This example, or the biblical reality of the gospel, has nothing to do with the invitees being undeserving (or incapable on their own) or the host being just in withholding from anyone or everyone, and for Calvinists to so answer is to burke the issue at hand. What kind of God devises the plan to secretly exclude the majority of those whom He invites in the most unambiguously loving and gracious terms, yea commands and urges? I for one find no such suggestion in Scripture.
This helps to highlight the fact that while the “good faith offer” may provide some measure of serenity from the haunt of duplicity for the Calvinist, it offers not the slightest protection from duplicity for the Father, Son, or Holy Spirit who actually devised the plan.

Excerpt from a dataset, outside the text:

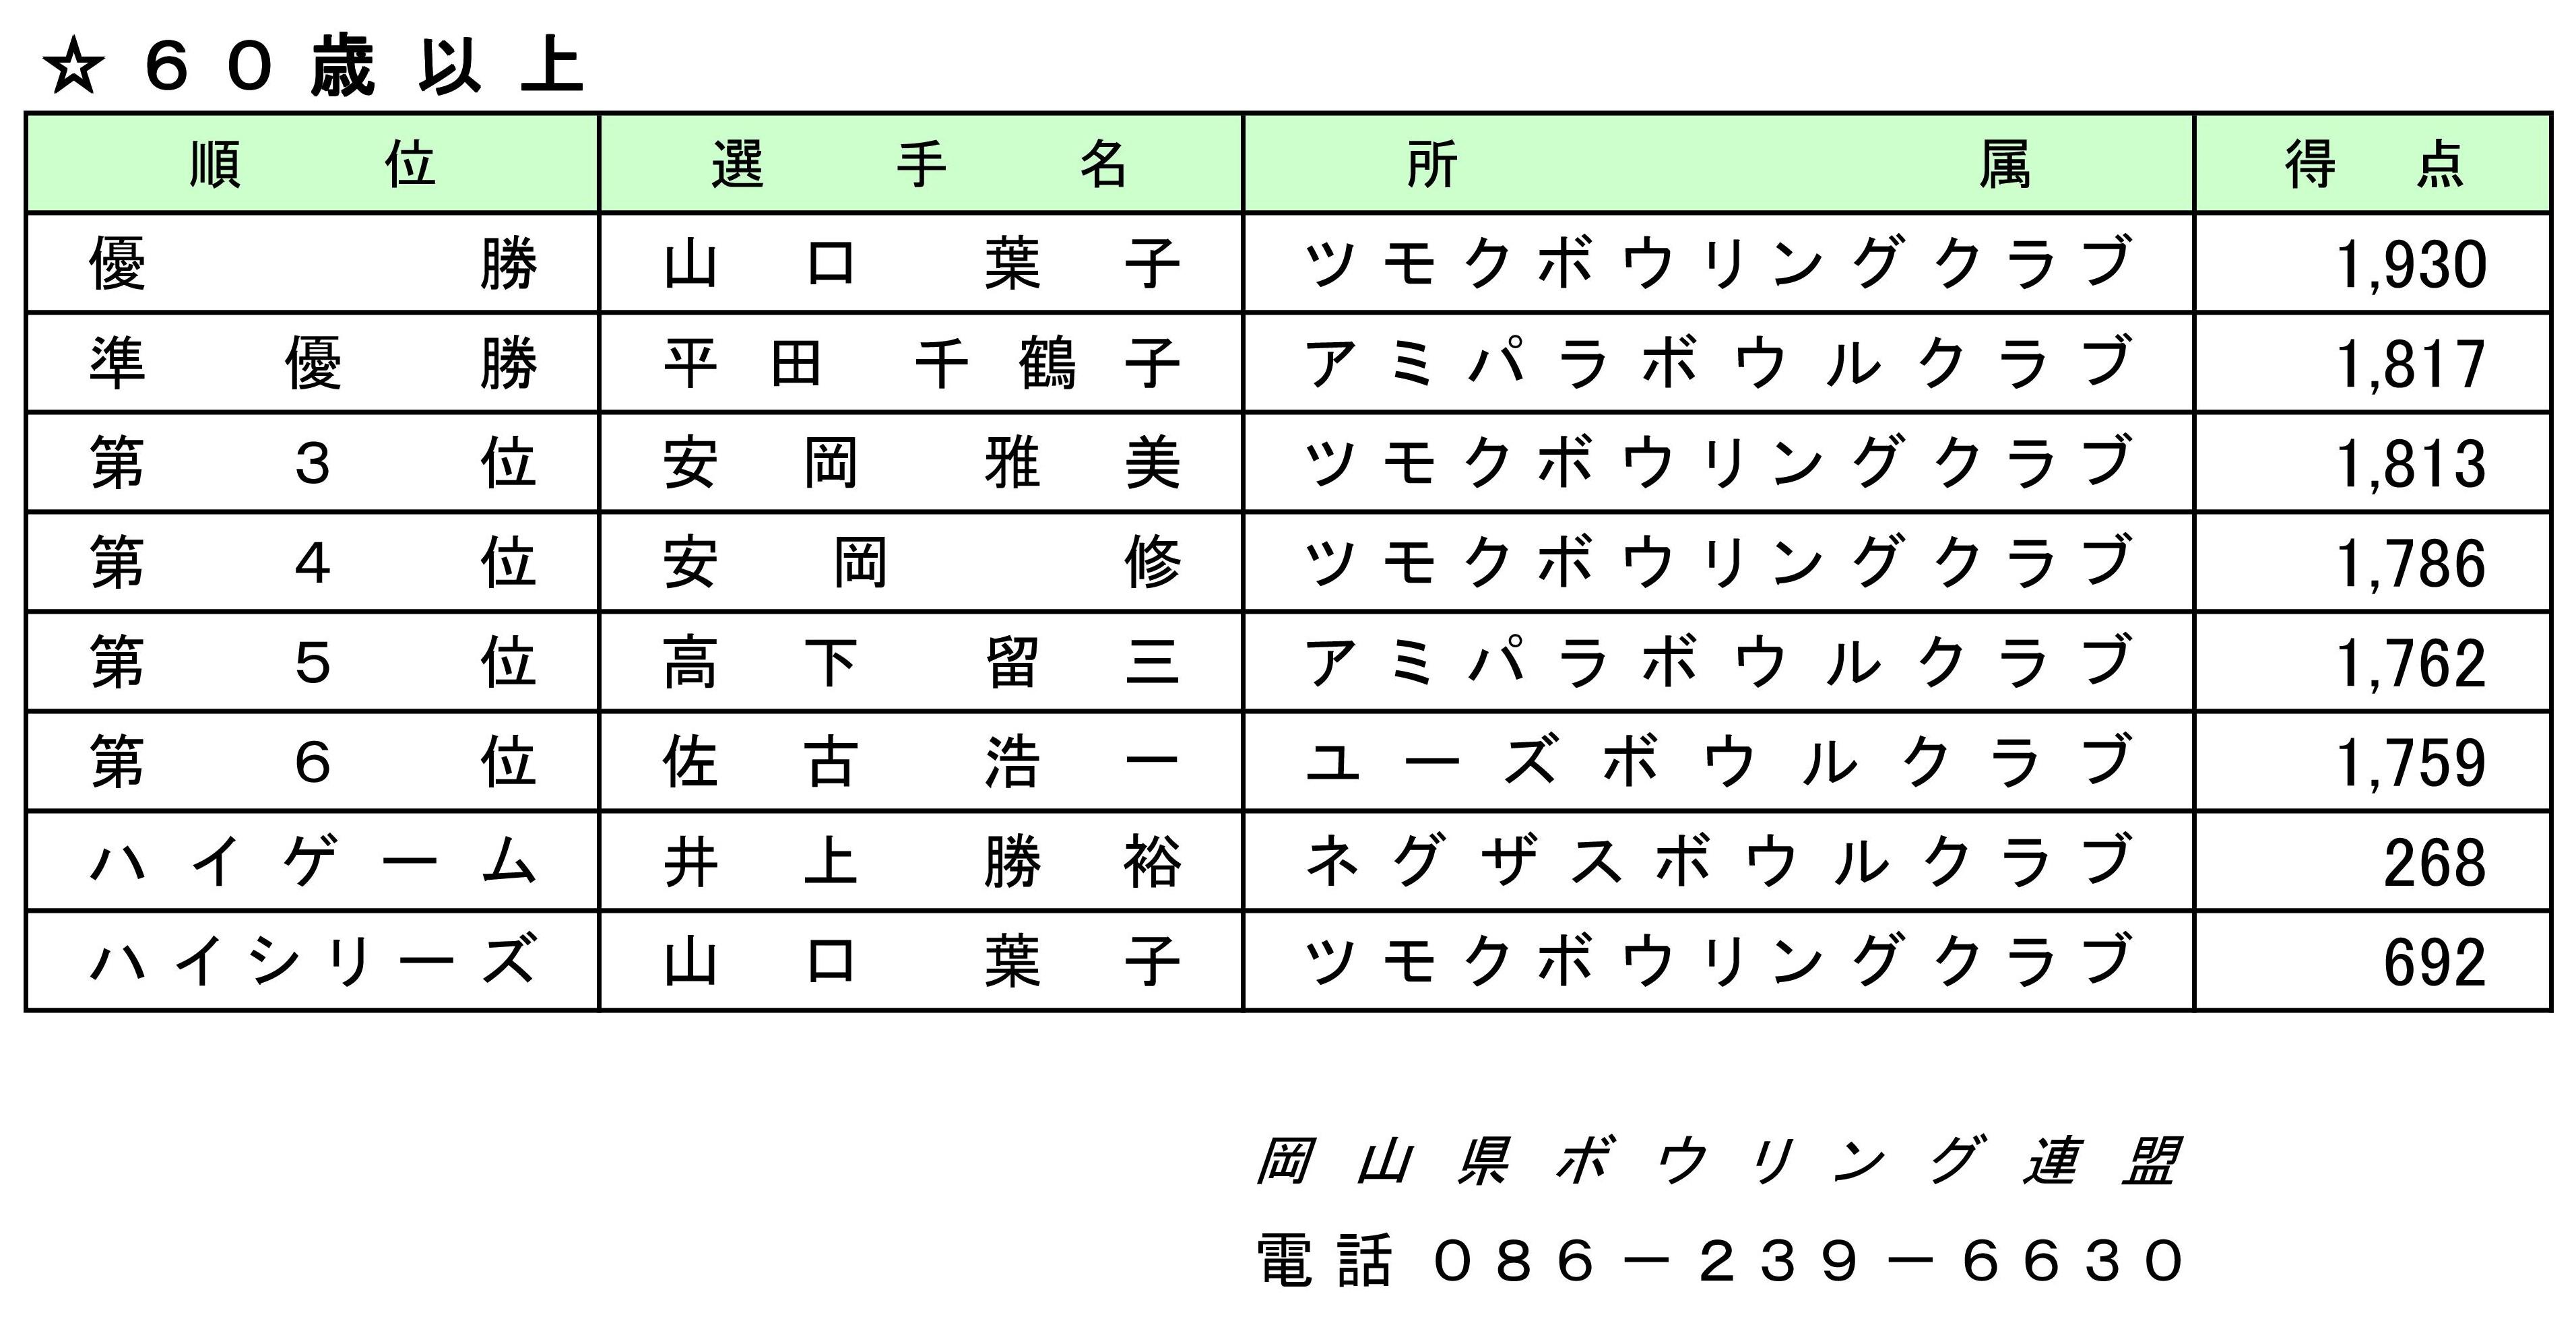 受付・レーン配当・成績記録-02.jpg

The scriptural gospel is better news because it is a real offer of opportunity, by the grace of God, for everyone who hears. It is lexically described as “news that makes one happy” or “information that causes one joy” or “words that bring smiles.”[2]
God’s gospel is more consistent with the meaning of the word gospel, “news that makes one happy.”[3] It is simple, straightforward, and dependable with its inarguable meaning of good news for anyone who hears it. What it means, is good news from God to His creation, not merely good news for some and ghastly news for most.
[1] J.I. Packer, Evangelism and the Sovereignty of God, (Downers Grove, Ill., InterVarsity Press, 1961), 97.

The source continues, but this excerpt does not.